How to use your jealousy. There’s nothing that can inspire an intense bout of envy quite like someone else in your workplace getting promoted. It doesn’t matter if you weren’t up for consideration or the new role isn’t even in your department–everyone in your office will suddenly feel slighted.
Rather than wallowing in your own self-pity and dreaming of the days you’ll get your own delicious “way to go!” ice-cream cake, you’re better off analyzing the situation to determine what steps you’ll need to take to reach that same milestone.
Was that newly promoted person there for a certain amount of time? Did he go above and beyond what was expected of him–such as frequently volunteering for the company’s blood drive? Did she recently reach some major achievement that became the catalyst for this next step?
Yes, you’re allowed to feel a little envious. But once you’ve taken a moment, set those feelings aside and take a good, hard look at the situation to determine what exactly you need to do to follow in those footsteps.
You’re in a team meeting when your supervisor openly compliments your coworker Rebecca on a job well done. “Kudos to Rebecca for churning out such a top-notch report under such a tight deadline,” he says in front of your entire team.
But what do you actually hear? Likely a little something like, “Rebecca is the greatest employee this company has ever had, and she’s putting the rest of you low-life schmucks to shame around here.”
Whenever someone else in your office receives recognition–be it praise or an official award–it’s only natural to feel a little envious of her success. But there’s something better you could be doing with your time and energy.
How to use your jealousy. First things first, make sure you recognize your coworker’s hard work as well. You may be jealous, but you still want to be an encouraging team player.
What next? Resist the urge to go head-to-head to this person. That type of passive-aggressive approach will only breed tension, and likely only make you look a little on the crazy side.
Instead, your best course of action is to file this person away as a resource who you can lean on when you’re feeling stuck or have specific questions. Obviously, Rebecca knows what it takes to not only get a project done–but get it done well. So, rather than resenting her for that, why not learn from her?

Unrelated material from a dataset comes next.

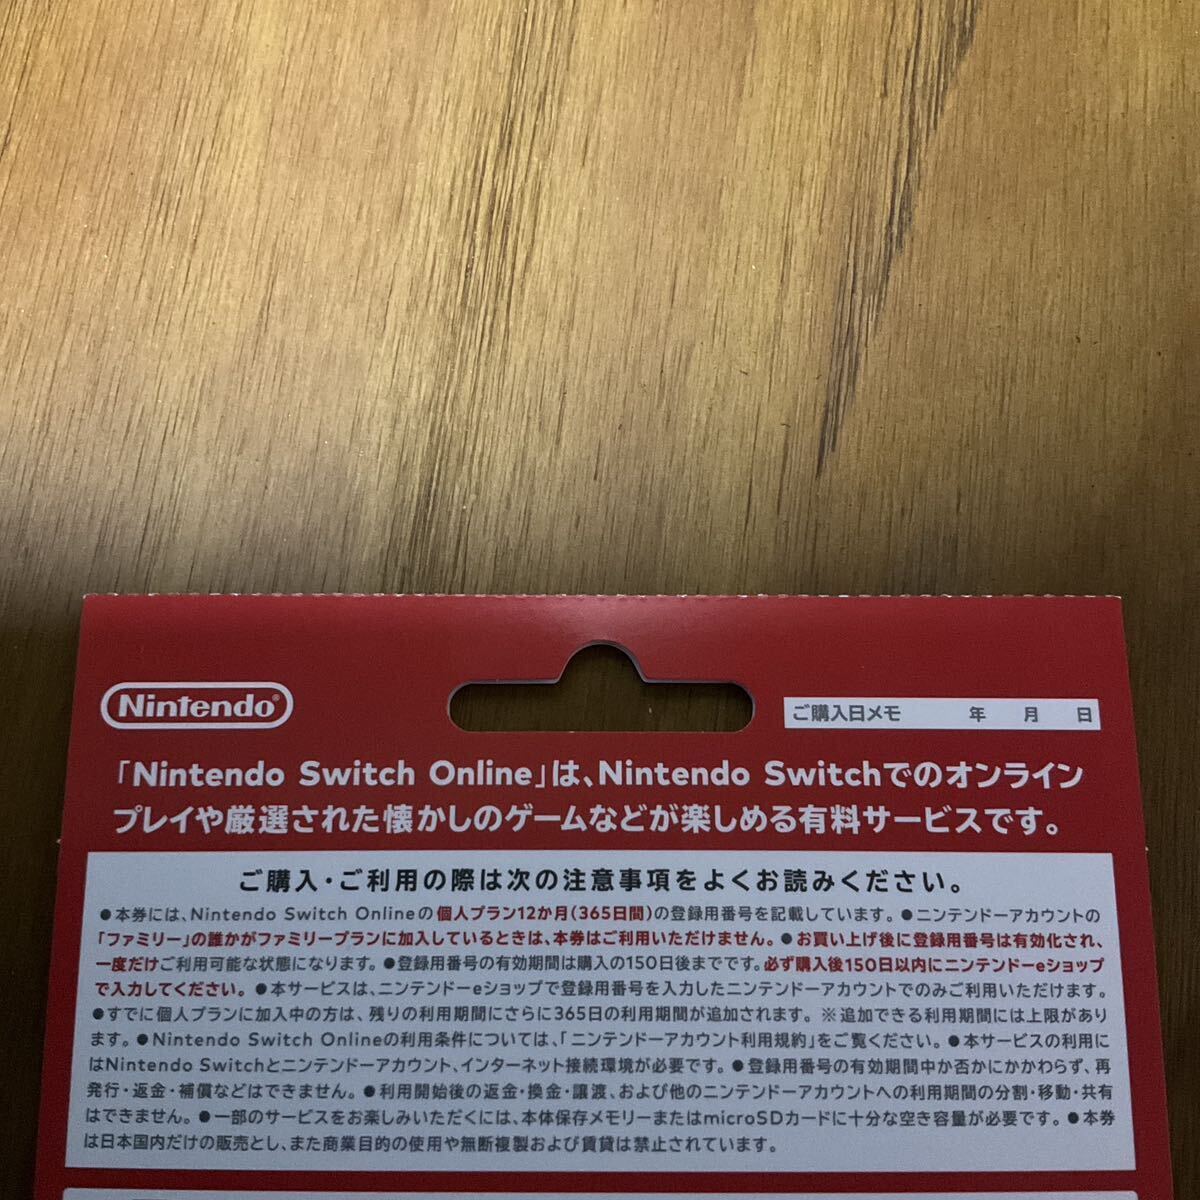 Switch Nintendo Online利用券 個人プラン 12ヶ月 郵送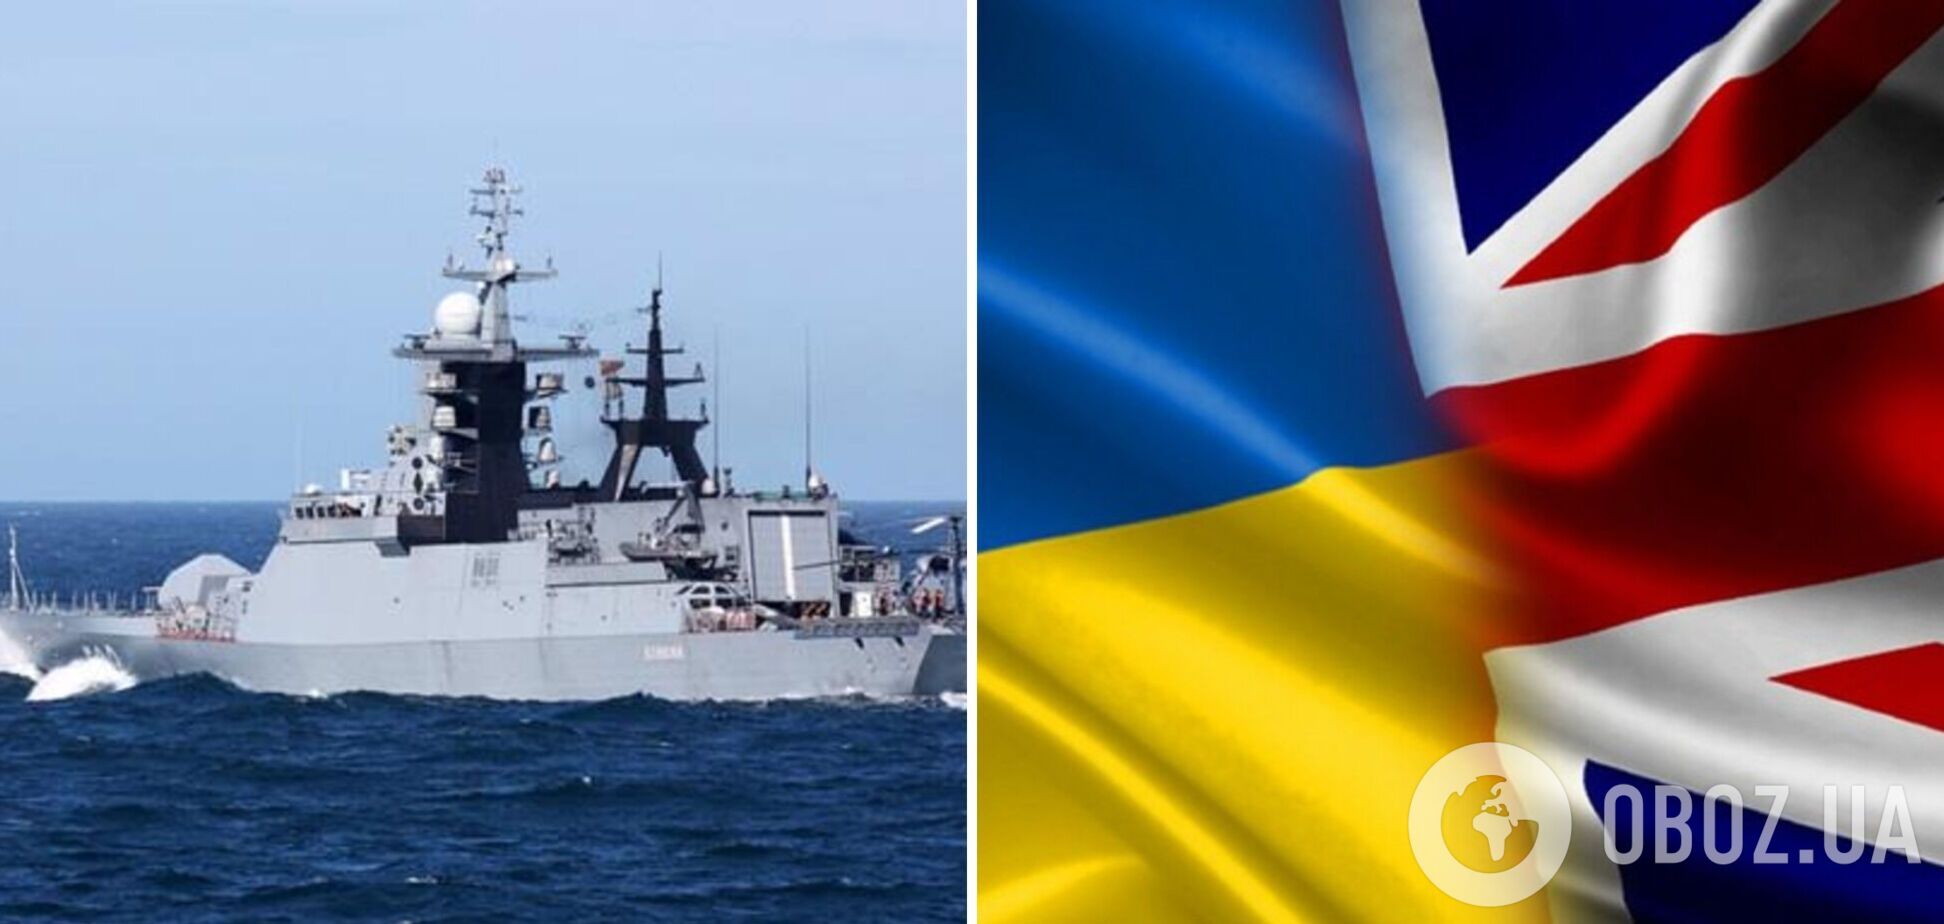 Переданные Британией корабли впервые вышли в море под флагом Украины: они названы в честь Черкасс и Чернигова. Фото

Do that and you’ll instantly turn the tables–a situation that previously existed to eat away at your confidence will now actually help you to continuously improve.
Your department is responsible for handling a ridiculously daunting project, and your boss is keeping his eyes peeled for one of you to spearhead the entire thing. You’re absolutely sure that you’ll be the chosen one who earns that coveted spot.
So when your boss announces that Jason will be leading the charge, you’re understandably surprised. This project is make or break–how could he possibly entrust it to Jason? What does he have that you don’t have?
We’ve all been there. Even if you didn’t particularly want the assignment (it means extra work, after all), you still feel as if your boss should’ve been knocking at your door just begging you to take it on.
But that’s not the way things played out, and now you’re left feeling envious of Jason–the one who apparently proved himself worthy enough of such a large responsibility.
How to use your jealousy. So you weren’t picked to head up the entire project. Yes, that’s a bit of a blow to your ego. But that doesn’t mean you can’t still be involved and prove that you’re a worthwhile member of the team.
If the task is truly that important, Jason is likely going to need (and desperately want) some extra help. So drop those feelings of resentment, step up to the plate, and offer to take on some additional work.
You’ll strengthen a relationship with your teammate, get to learn some new things, and prove to your boss and coworkers that you’re willing to go the extra mile. With all of that, you’ll likely be the one gaining some well-deserved recognition soon.
We all feel jealous sometimes–particularly in our careers. But just because it’s a natural emotion, that doesn’t necessarily make it beneficial.